# Cocoa Toolbar Question



## rhale1 (Jul 21, 2002)

Hello all:

I have an app. I won't say what it does ('cause I don't know yet!), but it has a toolbar. This toolbar has an item that is composed of an NSView with some buttons (like in Fire's Online-On and Offline-Customize or the Finder's Icon-List-Column items). When I click the buttons, the main window switches views using the same animation method System Prefs or OW uses. All works well, except for the toolbar disapears; at least the items, anyway. The only way to get them back is to hide and then show the toolbar.

To make this short, anyone know how to refresh the toolbar? I tried looking in the Developer Help, but it didn't seem to find anything.

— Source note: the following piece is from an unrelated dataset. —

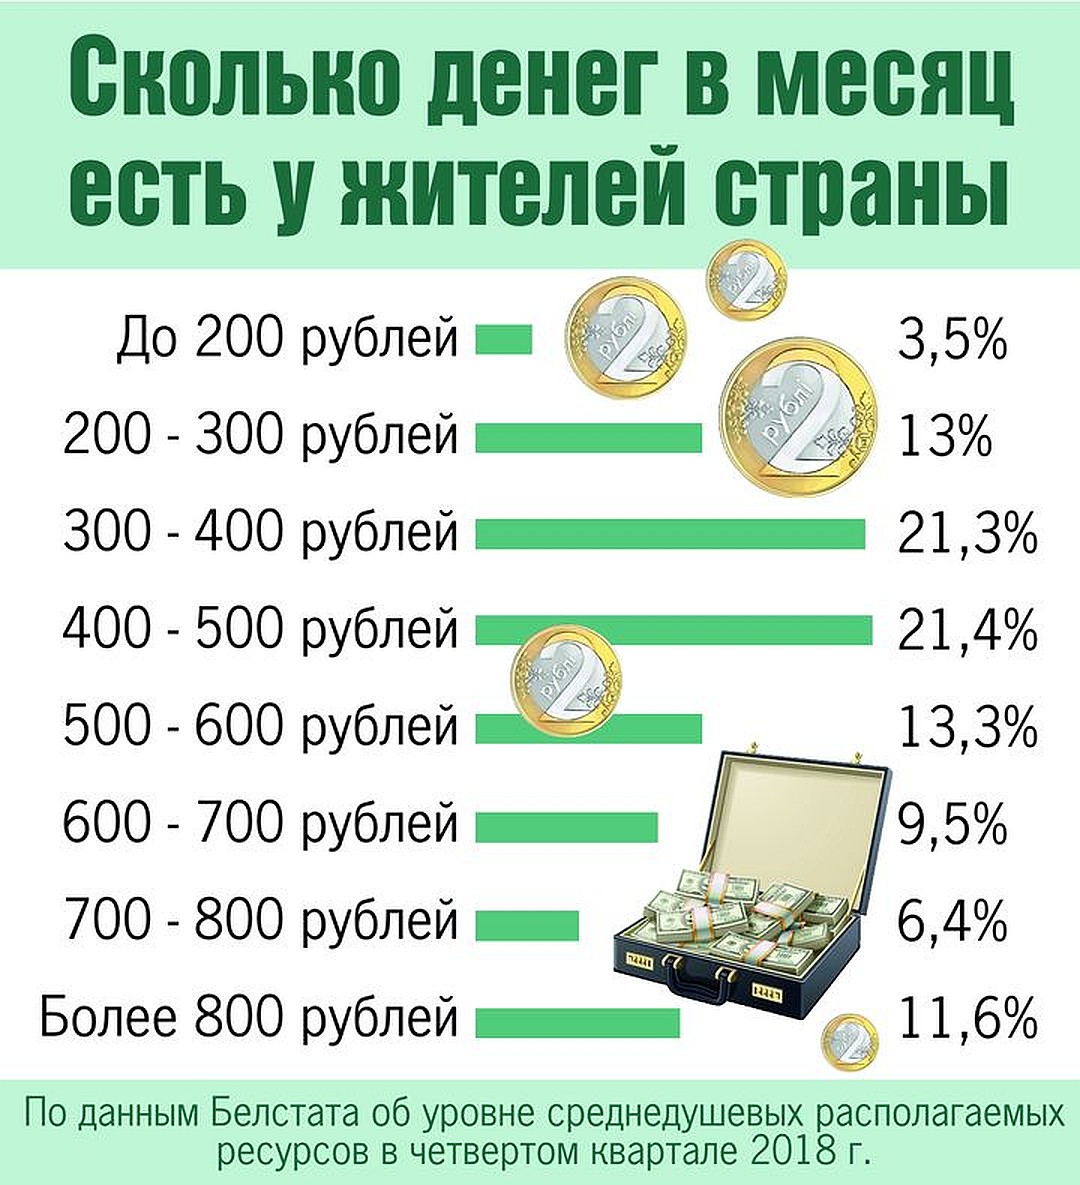 Сколько в белорусских рублях 600 российских рублей. Сколько денег. Рублей в месяц. Сколько денег в месяц. Зарплата 300 рублей.

BTW: I posted some pics and a movie to show this. Click here to see them.

Thanks in advance:
Ryan


----------



## kainjow (Jul 22, 2002)

Hmm, that's weird. I have a program that uses a toolbar and changes the window's contentView each time a toolbar item is pressed, but it does work all the time. How big is your code? Maybe it's something with your code...


----------



## rhale1 (Jul 22, 2002)

My code's not too big, just MyDocument.m and MyDocument.h

I'll post the toolbar code, there is probably something I need to do (I'm still learning).

Kainjow, if you could post the code/app you have I can compare how the contentView changes.


----------



## kainjow (Jul 22, 2002)

I just used the tutorials at http://www.oreillynet.com/pub/a/mac/2002/02/15/cocoa.html and http://www.oreillynet.com/pub/a/mac/2002/03/15/cocoa.html and then mixed them together.


----------